[YOUR ASSIGNMENT]
Set down the whole listing below exactly. The pictures stay out.

──────── INFORMATION PROVIDED

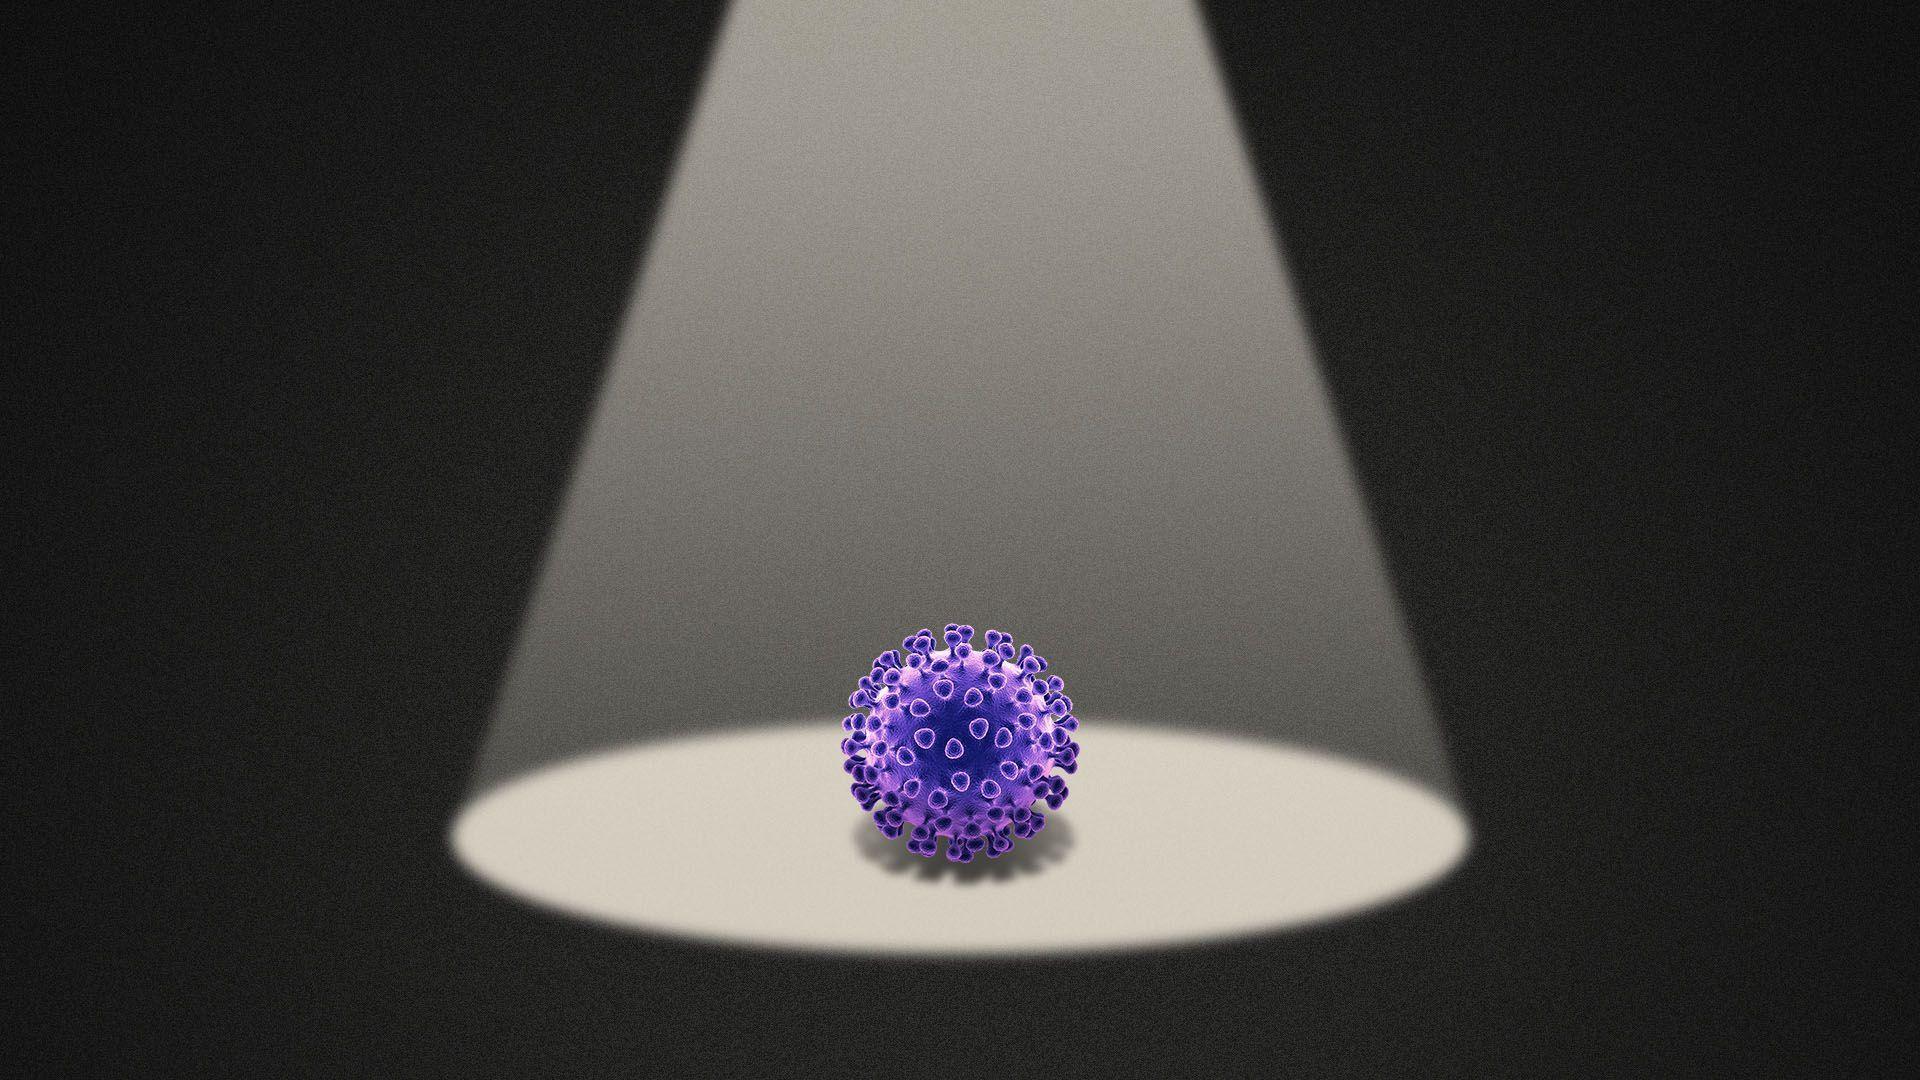 Illustration of a purple coronavirus under a spotlight in the dark
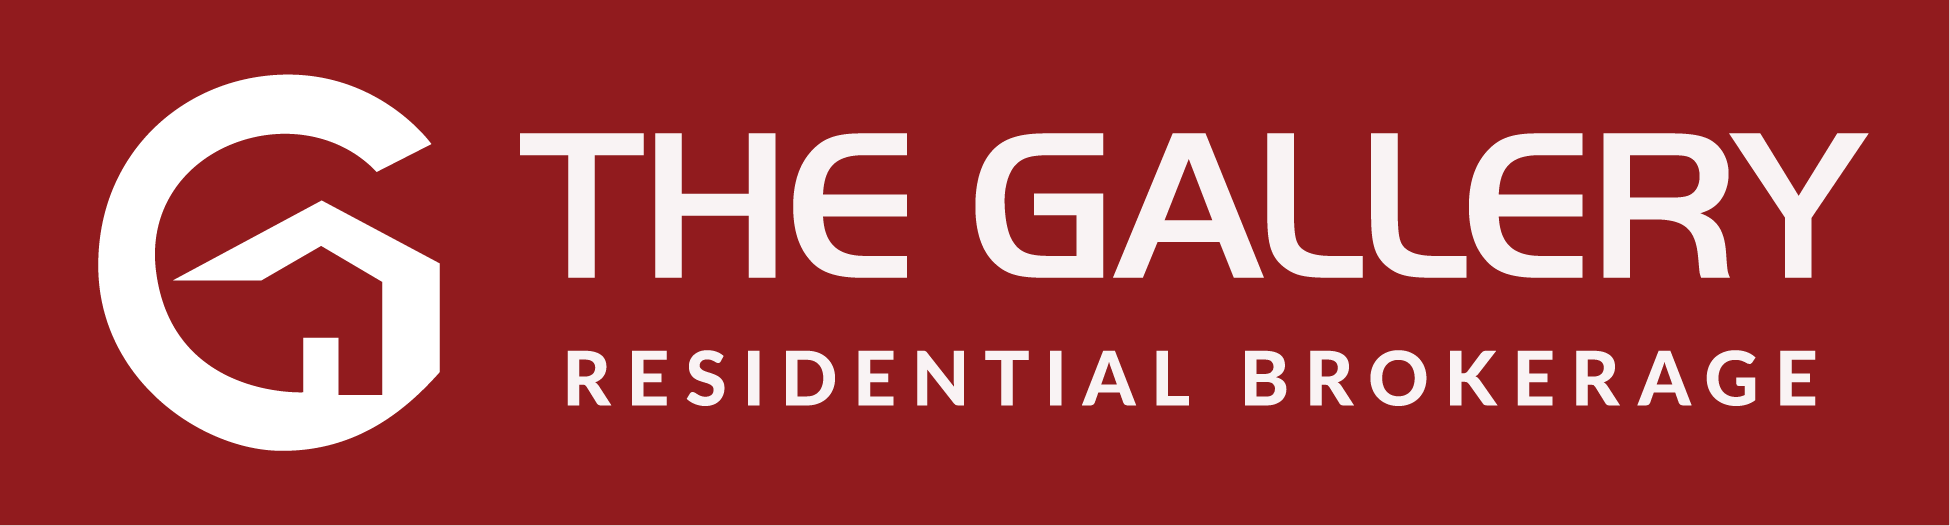 The Gallery Residential Brokerage
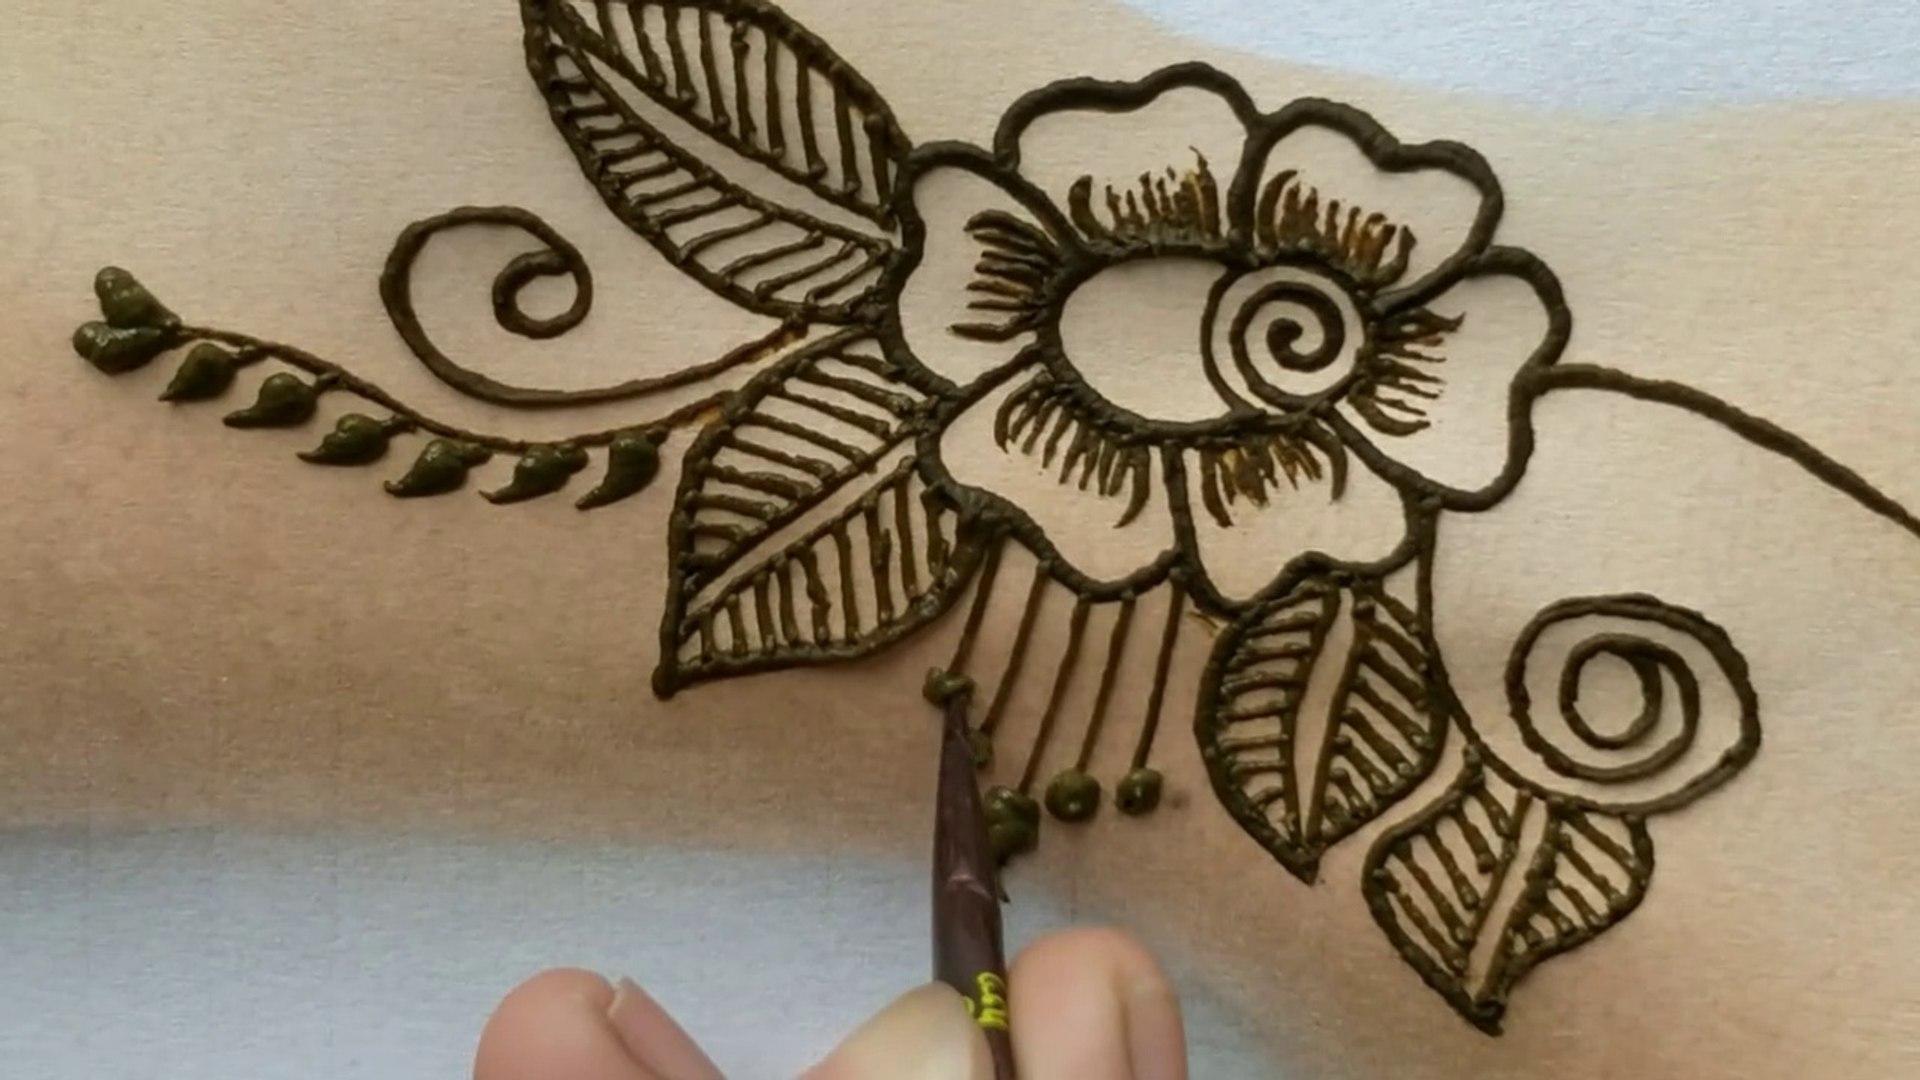 Very Simple Easy Beautiful Mehndi Designs Tutorial 2019 Latest Fancy Rose Henna Mehndi Designs Video Dailymotion,Cute Wedding Indian Lehenga Designs For Girls Wedding

────────────────

[ANSWER SPACE]
 Illustration of a purple coronavirus under a spotlight in the dark
 The Gallery Residential Brokerage
 Very Simple Easy Beautiful Mehndi Designs Tutorial 2019 Latest Fancy Rose Henna Mehndi Designs Video Dailymotion,Cute Wedding Indian Lehenga Designs For Girls Wedding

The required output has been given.